- Data below

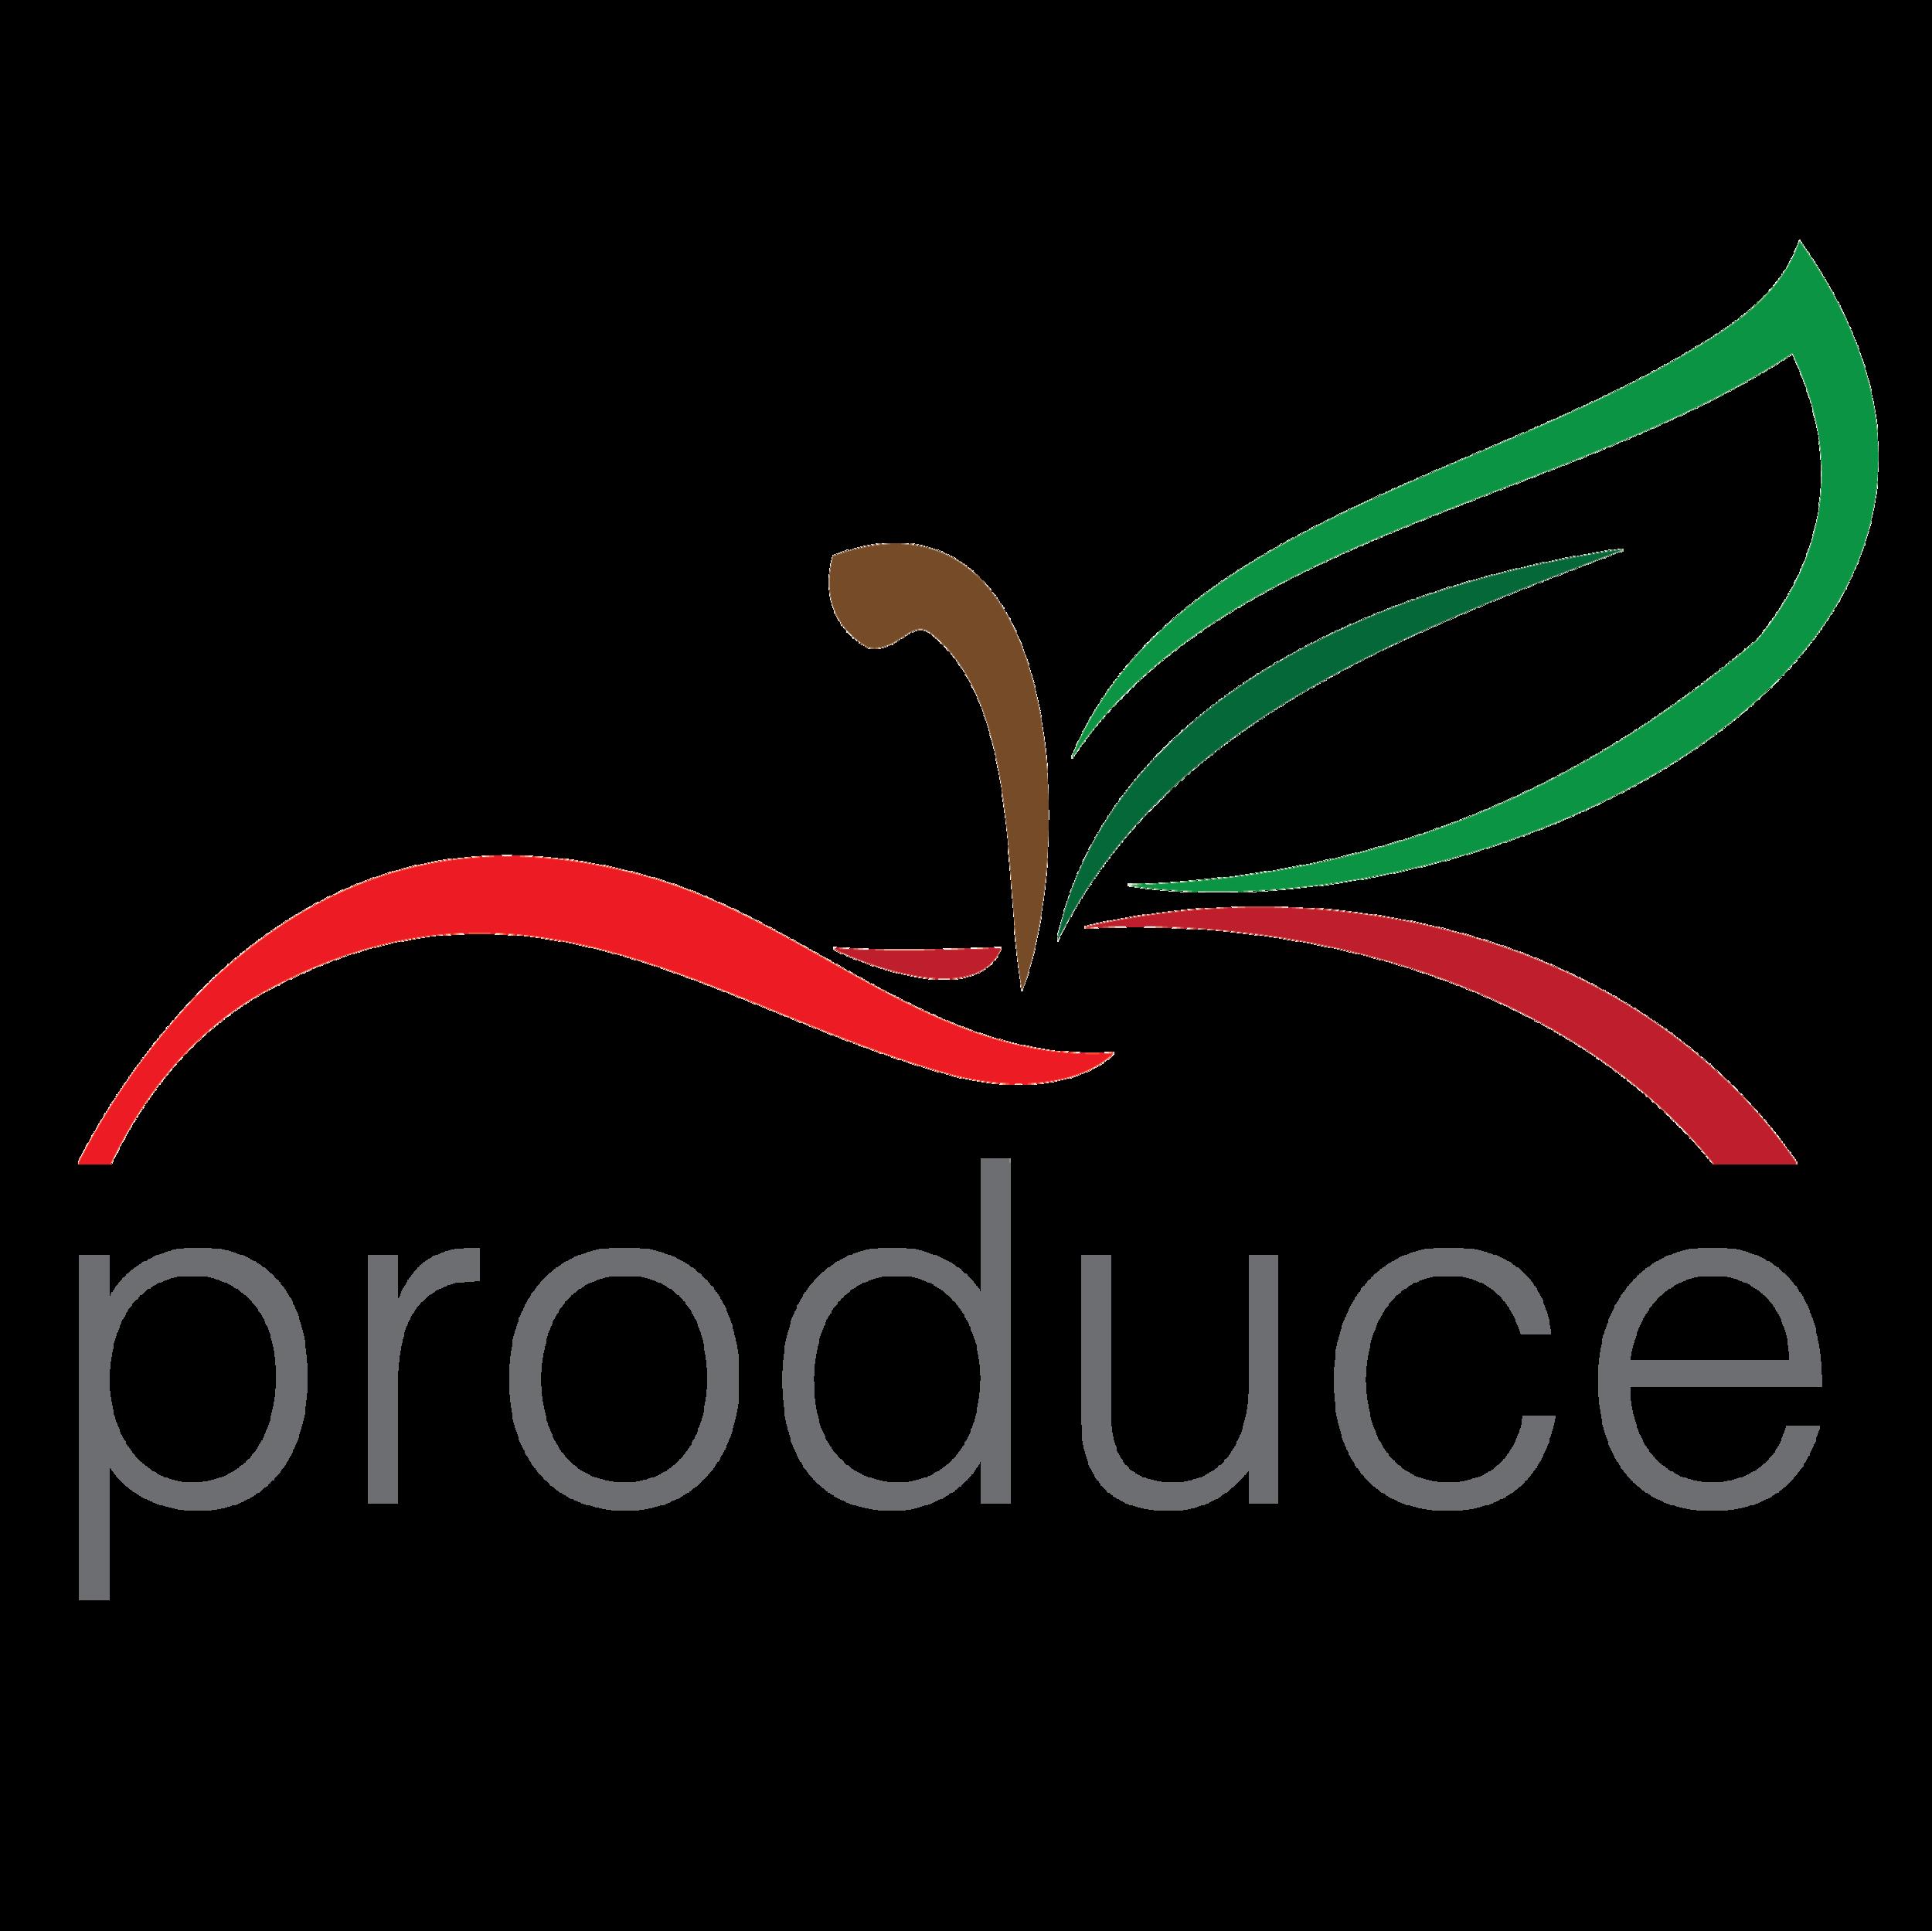 Produce Monroe
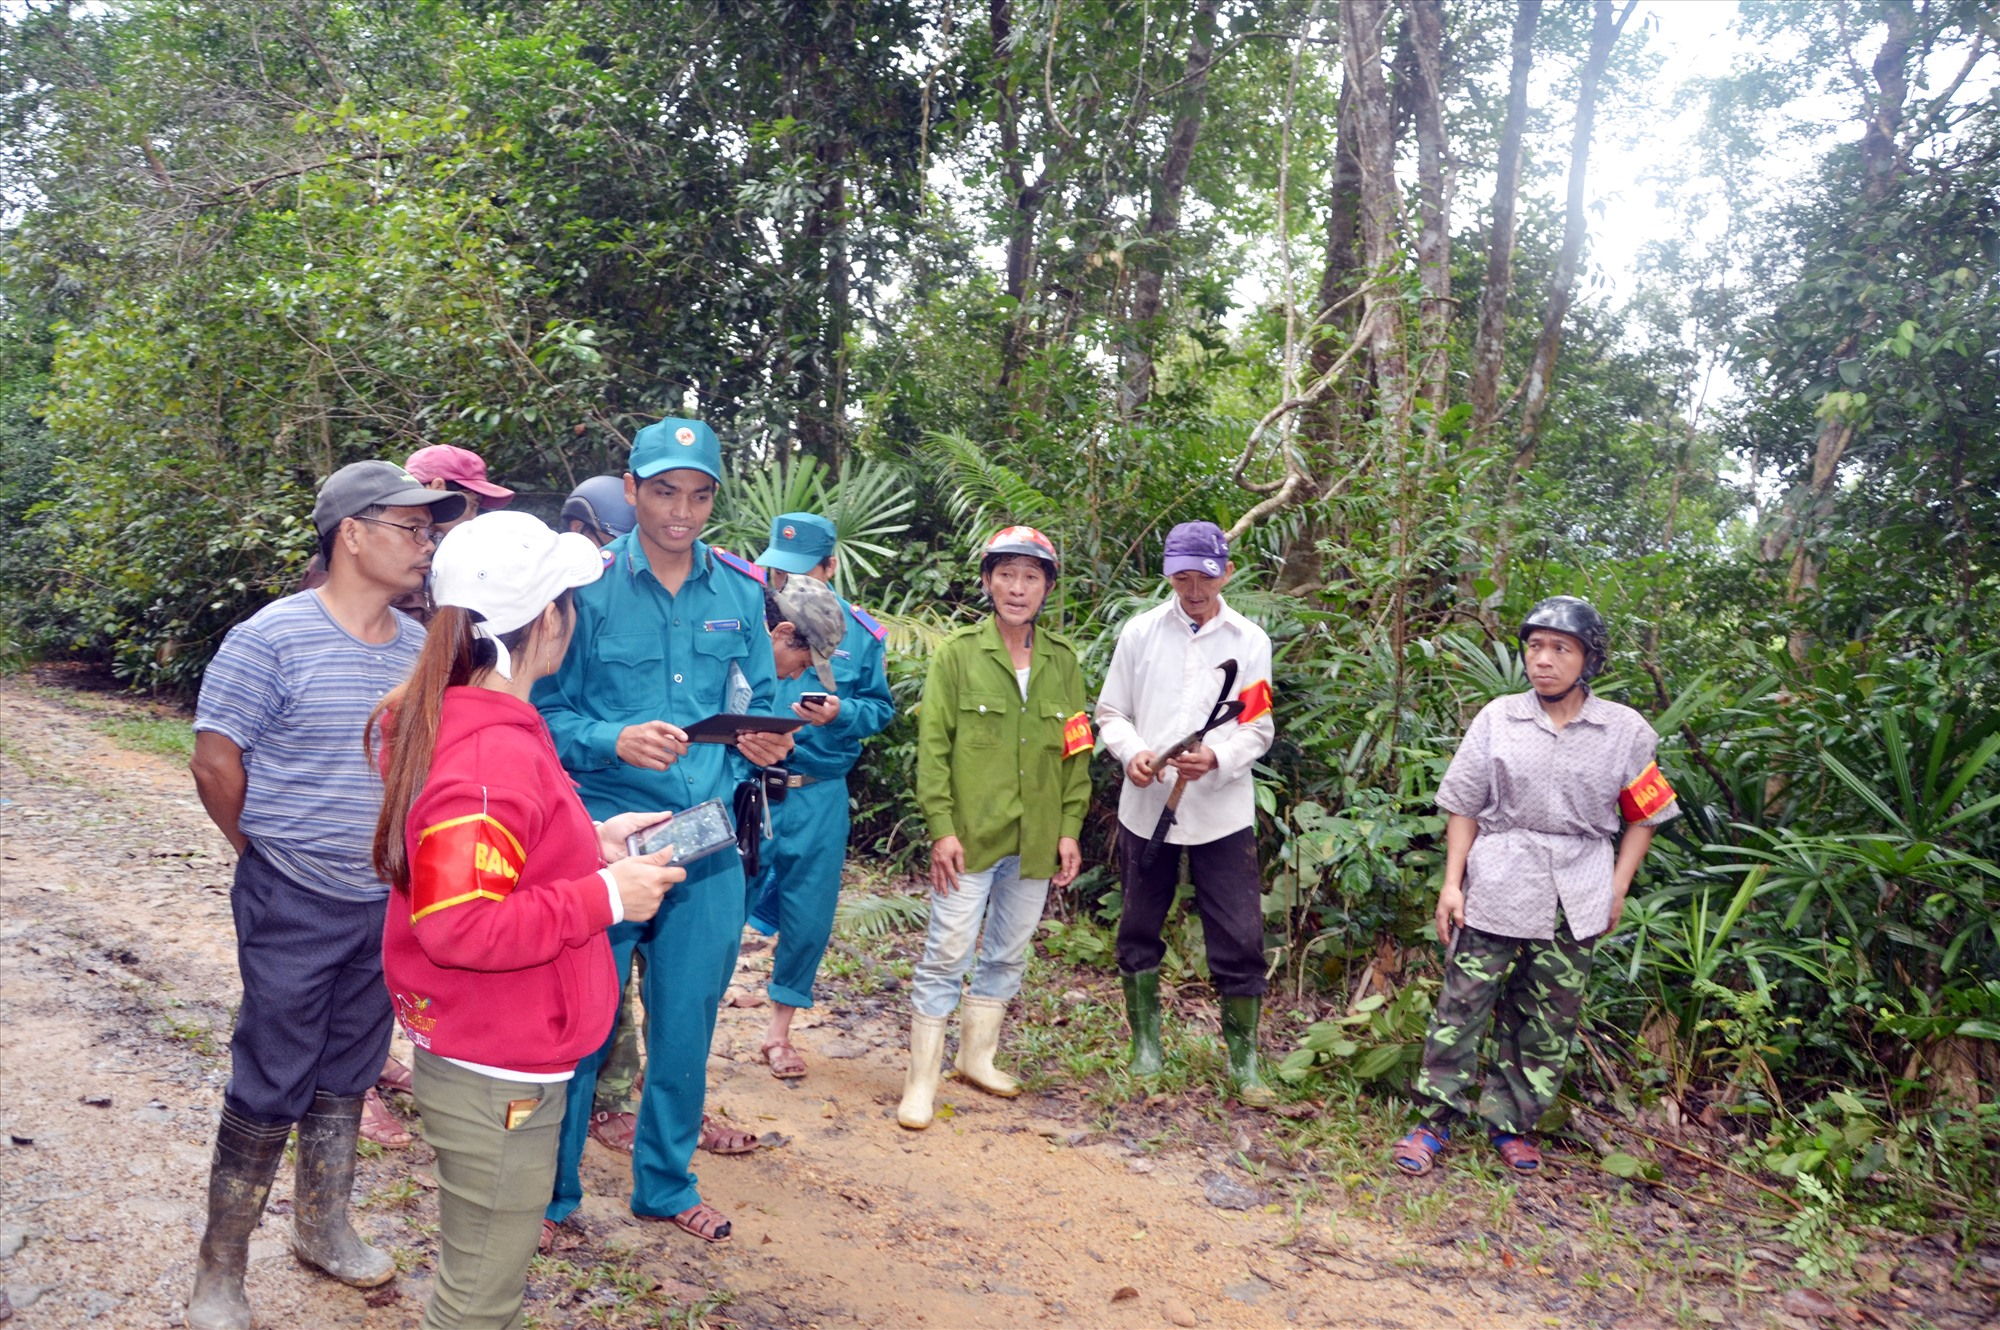 Cộng đồng dân cư tuần tra rừng ở lâm phận rừng phòng hộ Sông Kôn (Đông Giang) được Nhà nước giao nhận khoán từ chính sách chi trả dịch vụ môi trường rừng. Ảnh: T.H
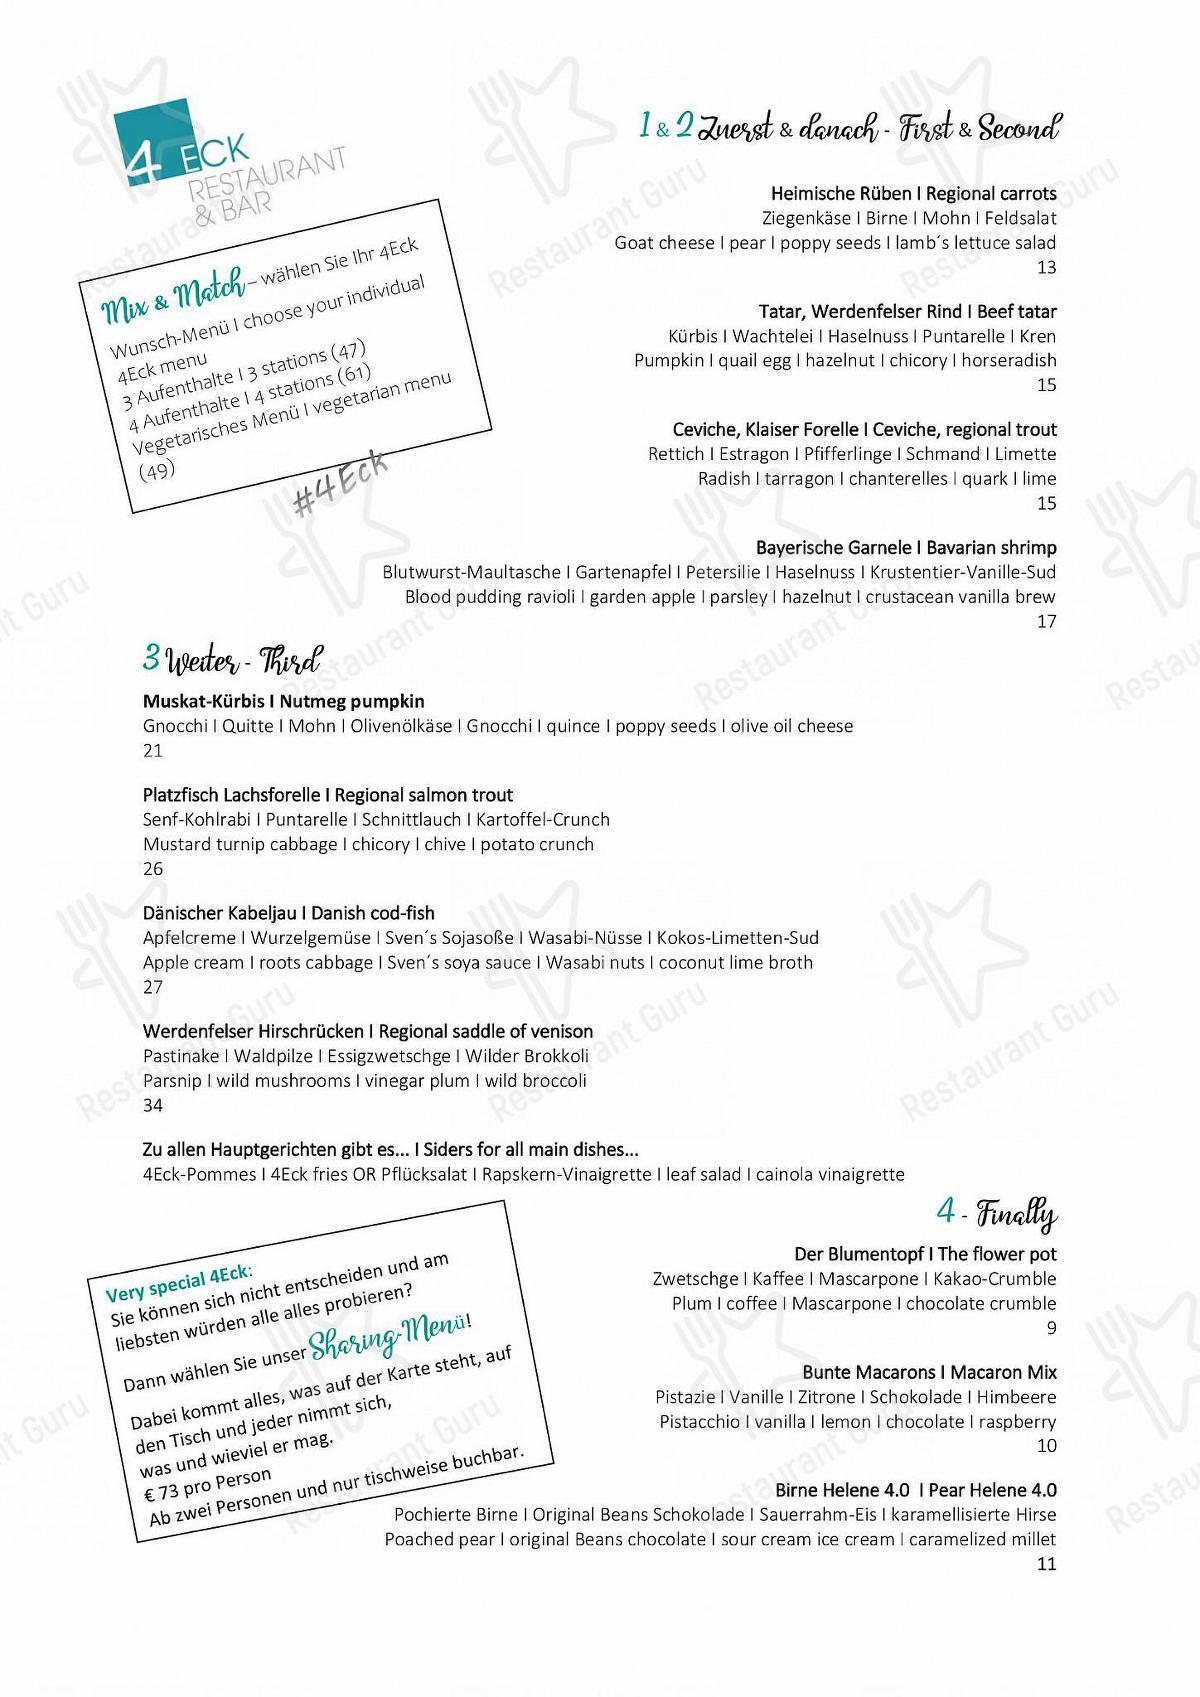 4Eck Speisekarte - Essen und Getränke

- Directions
Word for word, retype all of the data above, but include no pictures.

- Answer below
 Produce Monroe
 Cộng đồng dân cư tuần tra rừng ở lâm phận rừng phòng hộ Sông Kôn (Đông Giang) được Nhà nước giao nhận khoán từ chính sách chi trả dịch vụ môi trường rừng. Ảnh: T.H
 4Eck Speisekarte - Essen und Getränke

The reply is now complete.